# What you need to do
Set the listing down unchanged, minus every embedded image.

# Source material
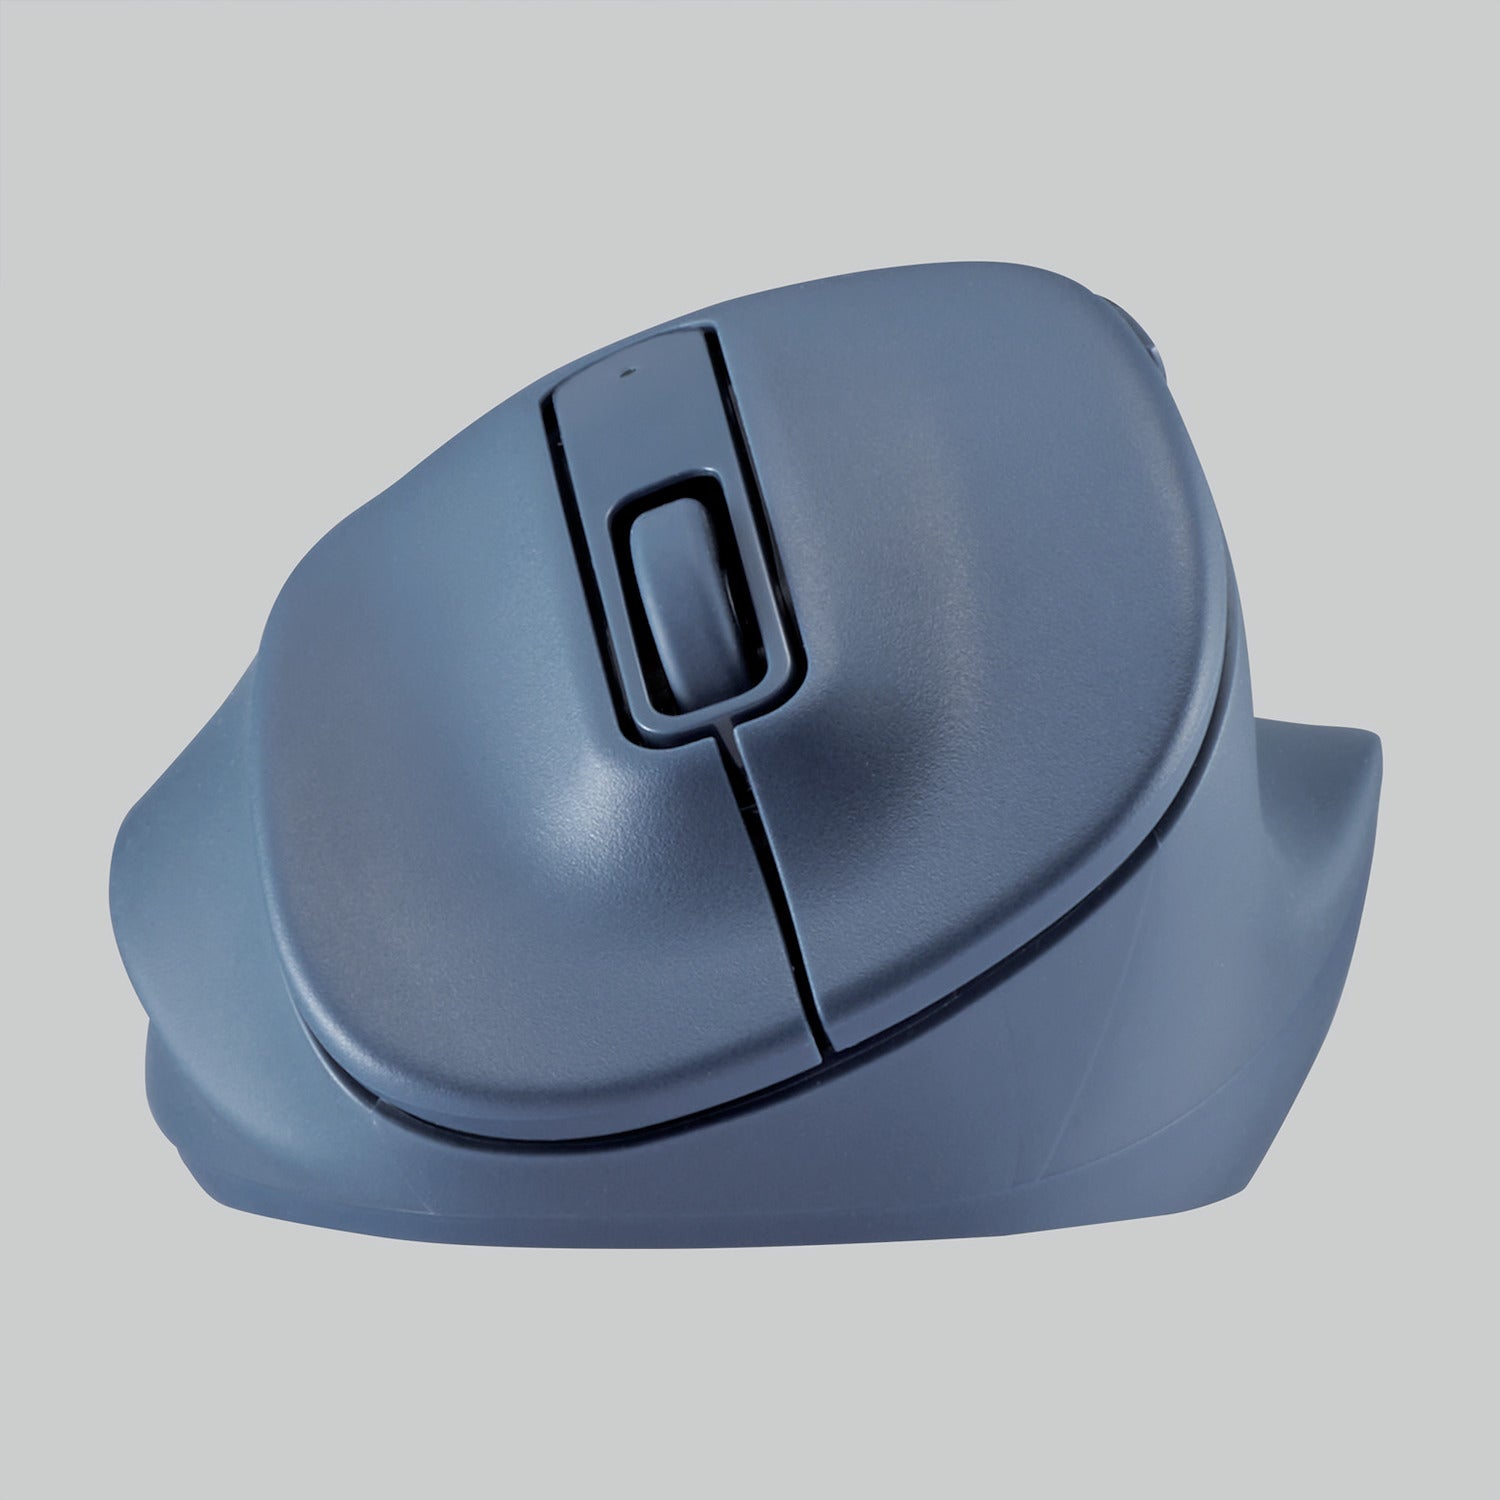 EX-G Wireless USB Ergonomic Mouse
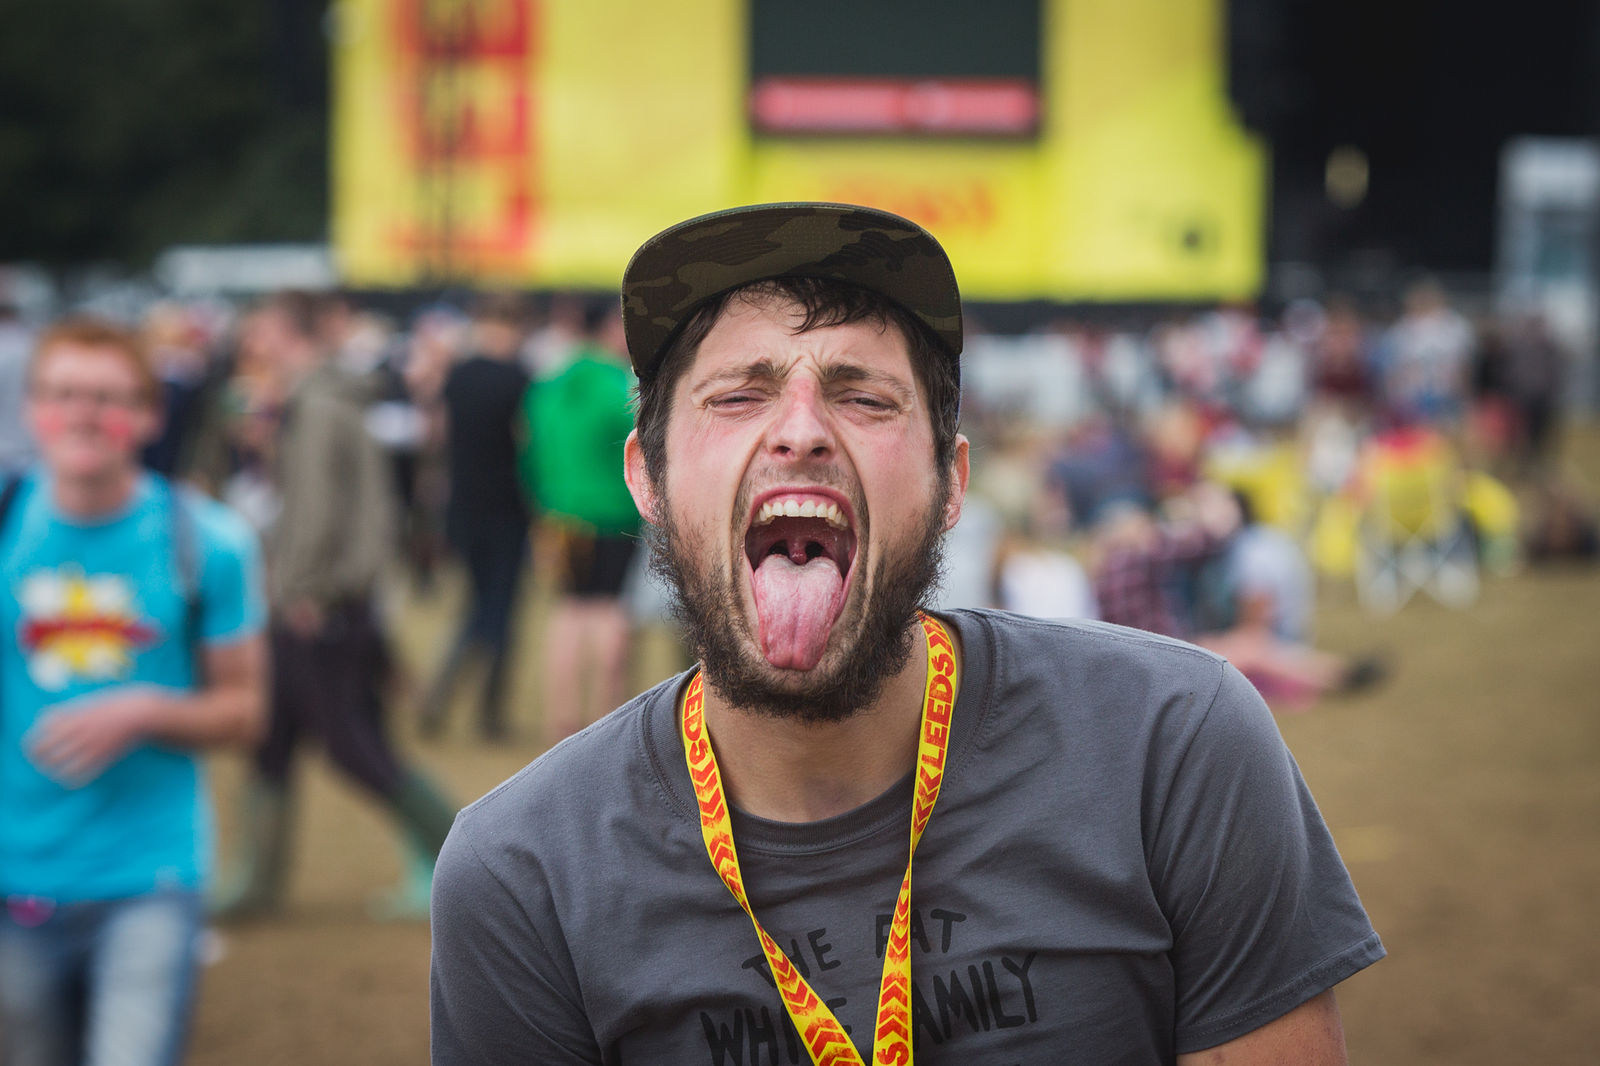 Leeds Festival 2014
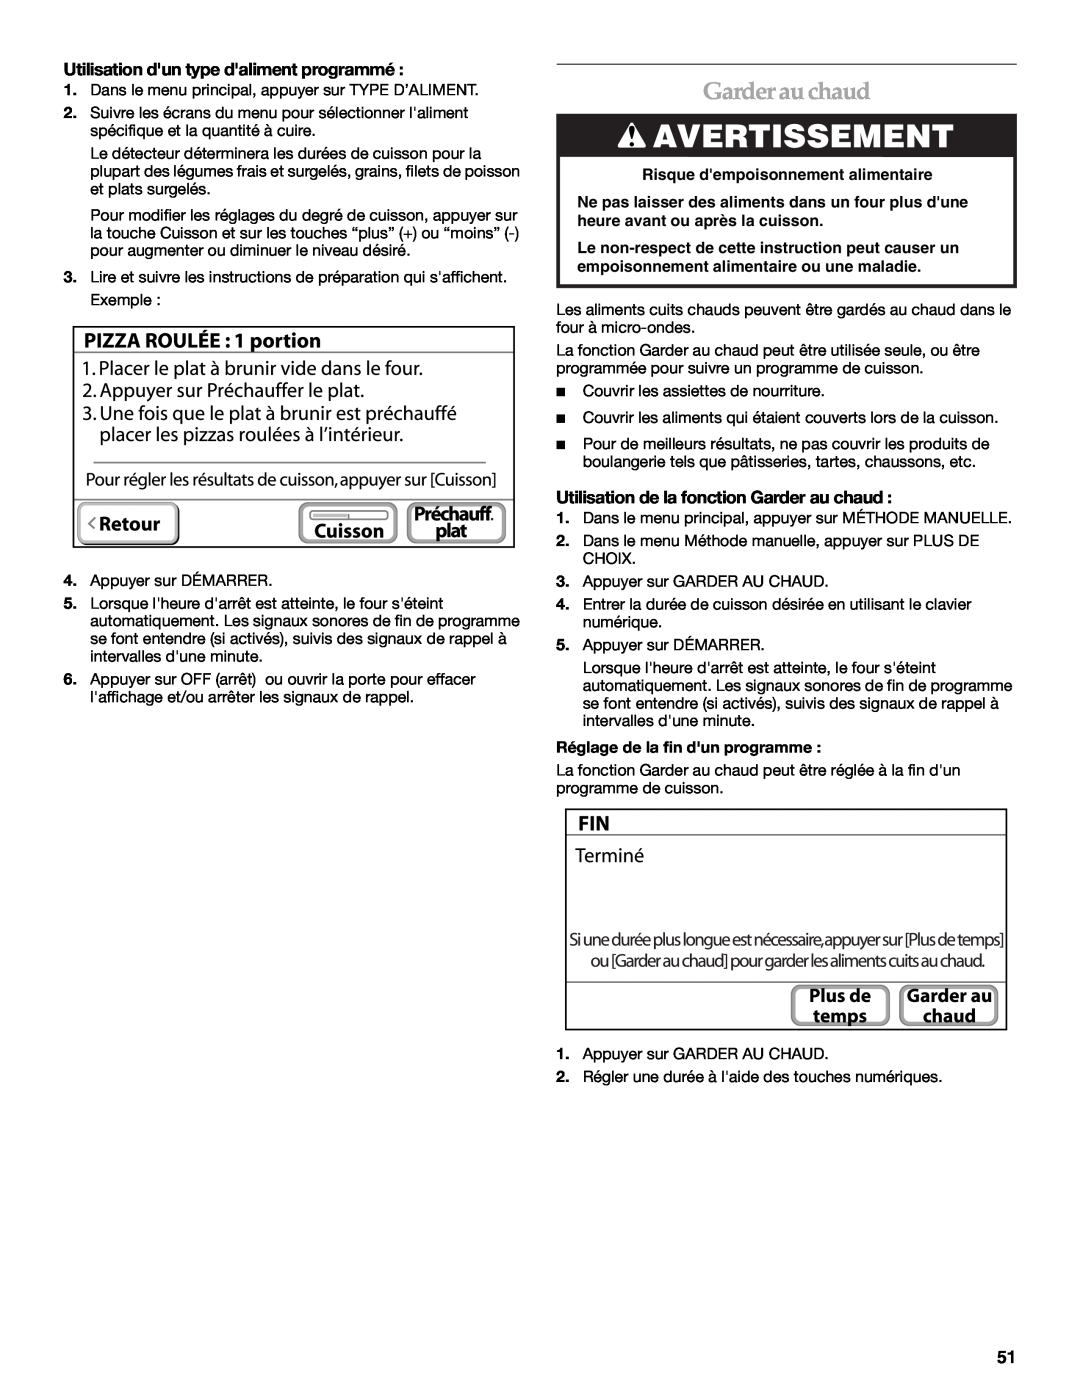 KitchenAid KEHU309 manual Avertissement, Garderauchaud, Utilisation dun type daliment programmé 
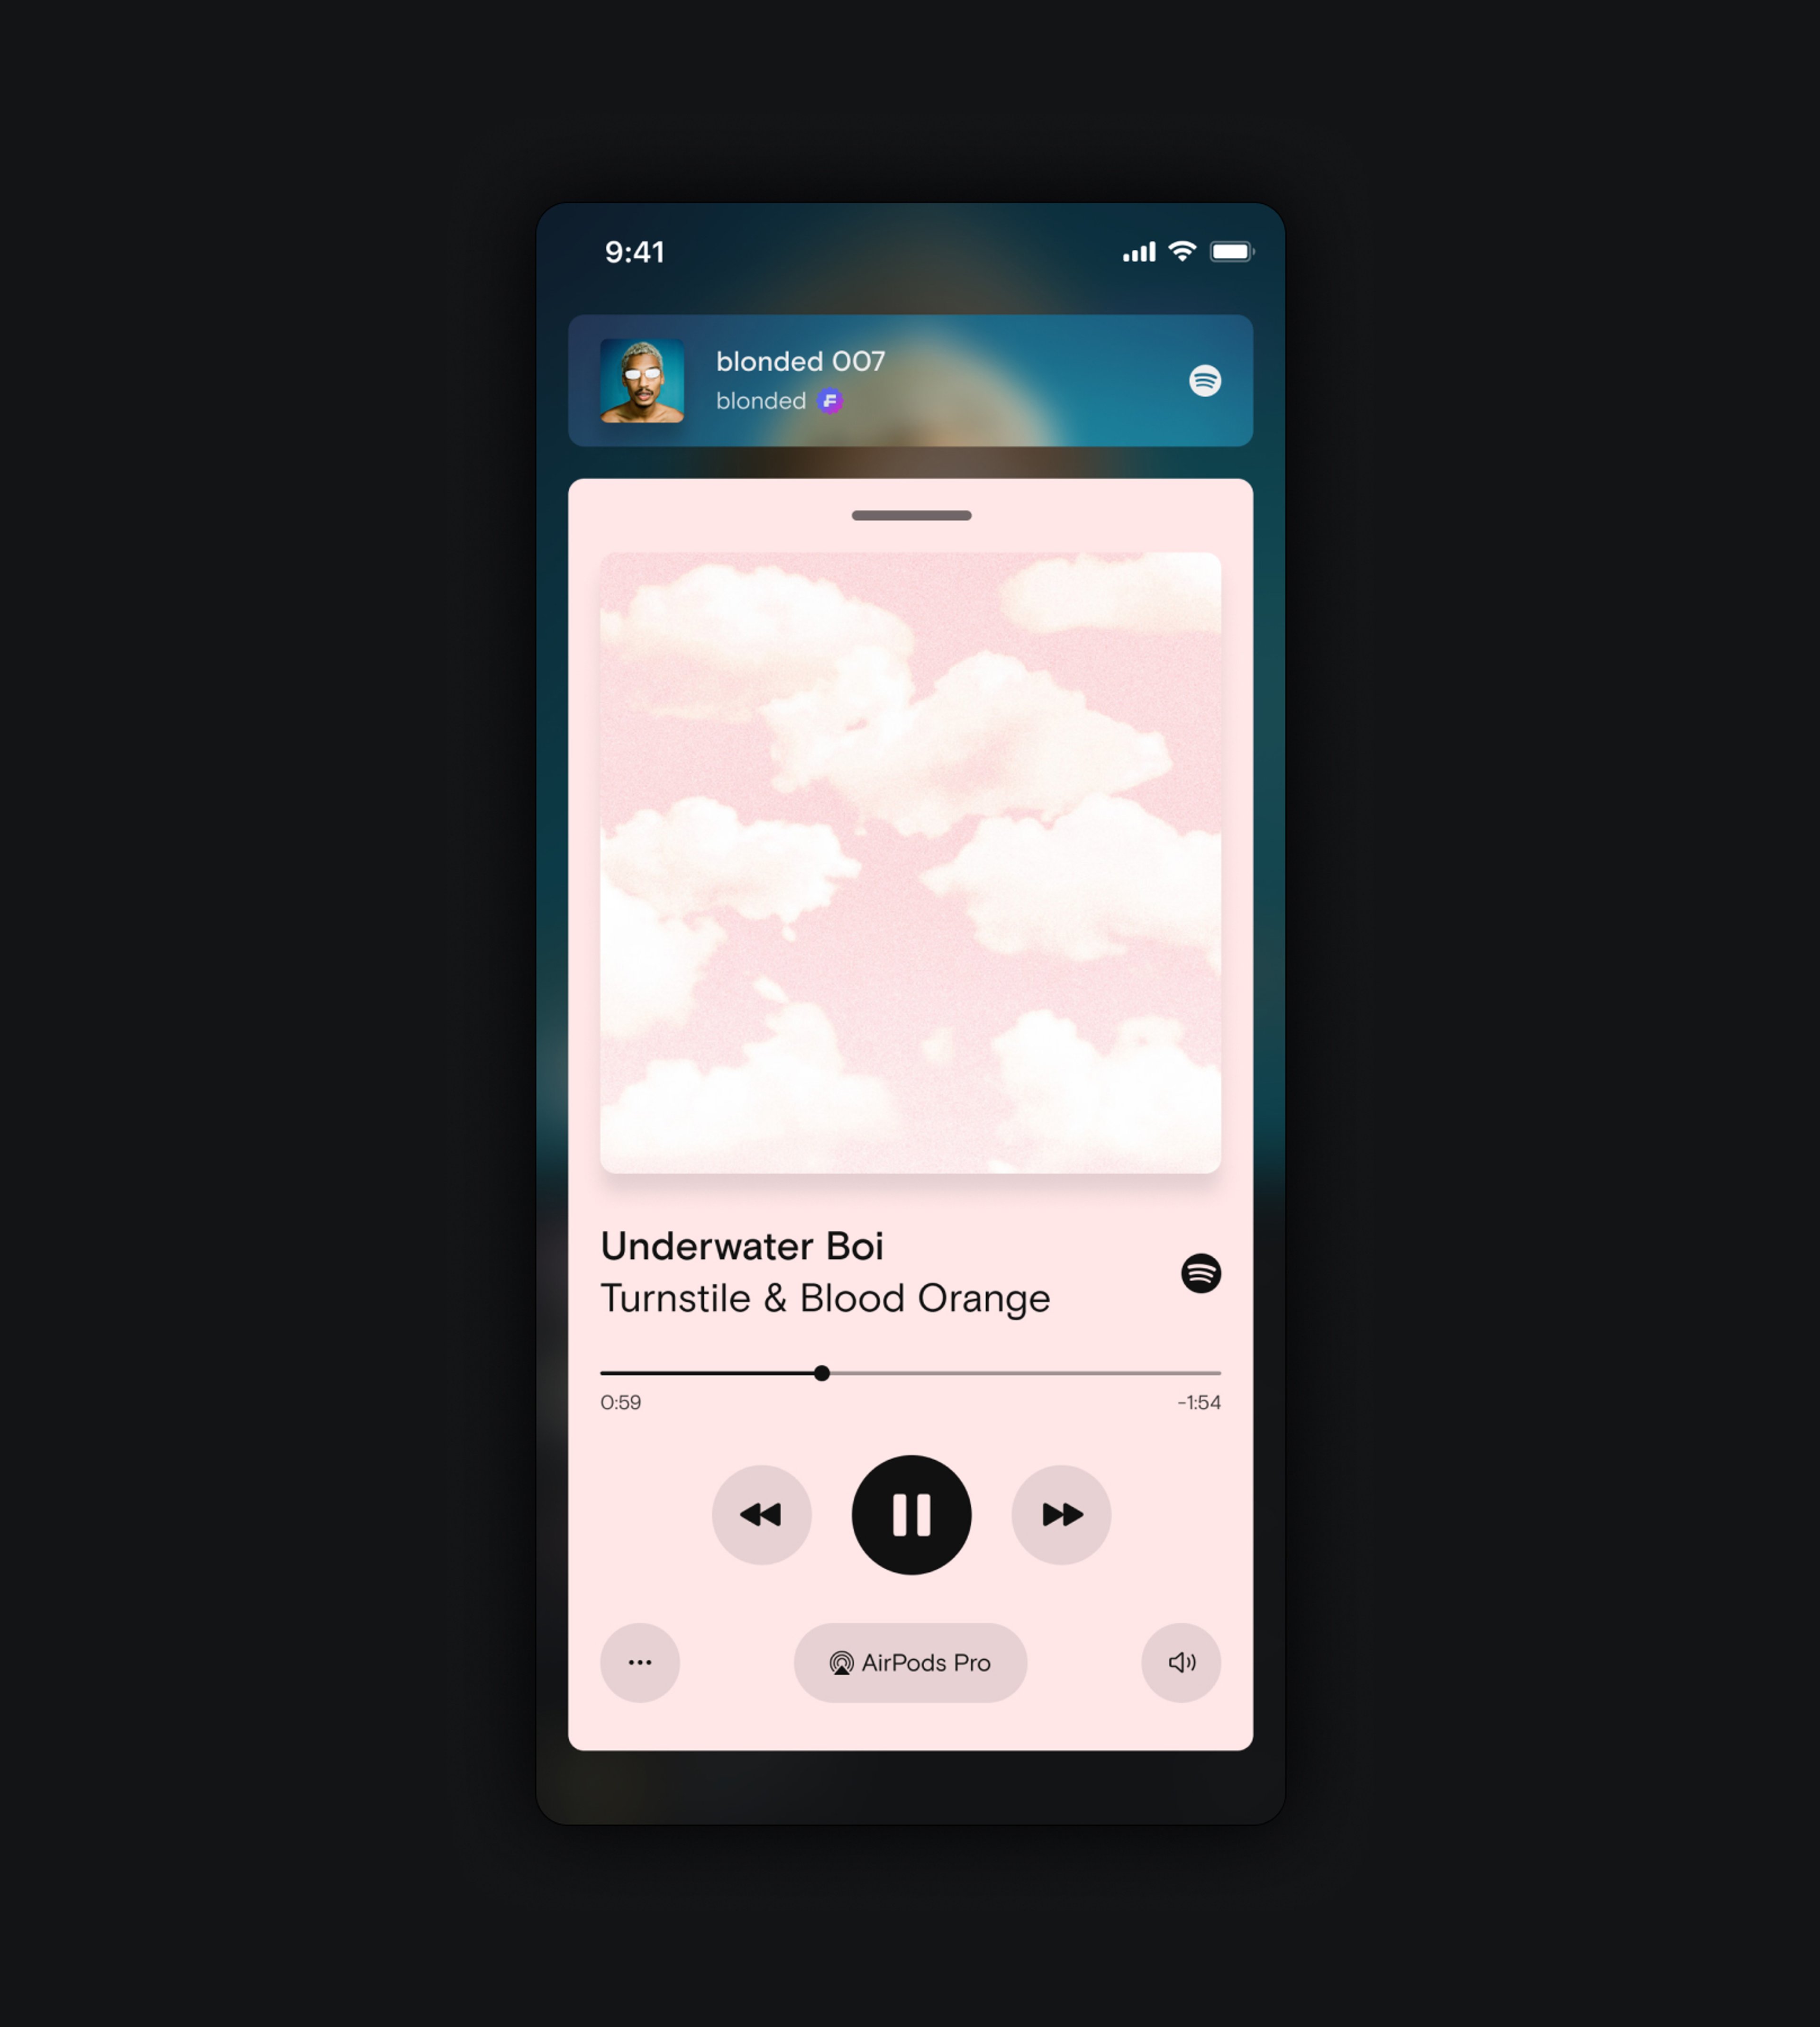 Screenshot of the music player showing "Underwater Boi" by Turnstile & Blood Orange

# Your solution
 EX-G Wireless USB Ergonomic Mouse
 Leeds Festival 2014
 KitchenAid KEHU309 manual Avertissement, Garderauchaud, Utilisation dun type daliment programmé 
 Screenshot of the music player showing "Underwater Boi" by Turnstile & Blood Orange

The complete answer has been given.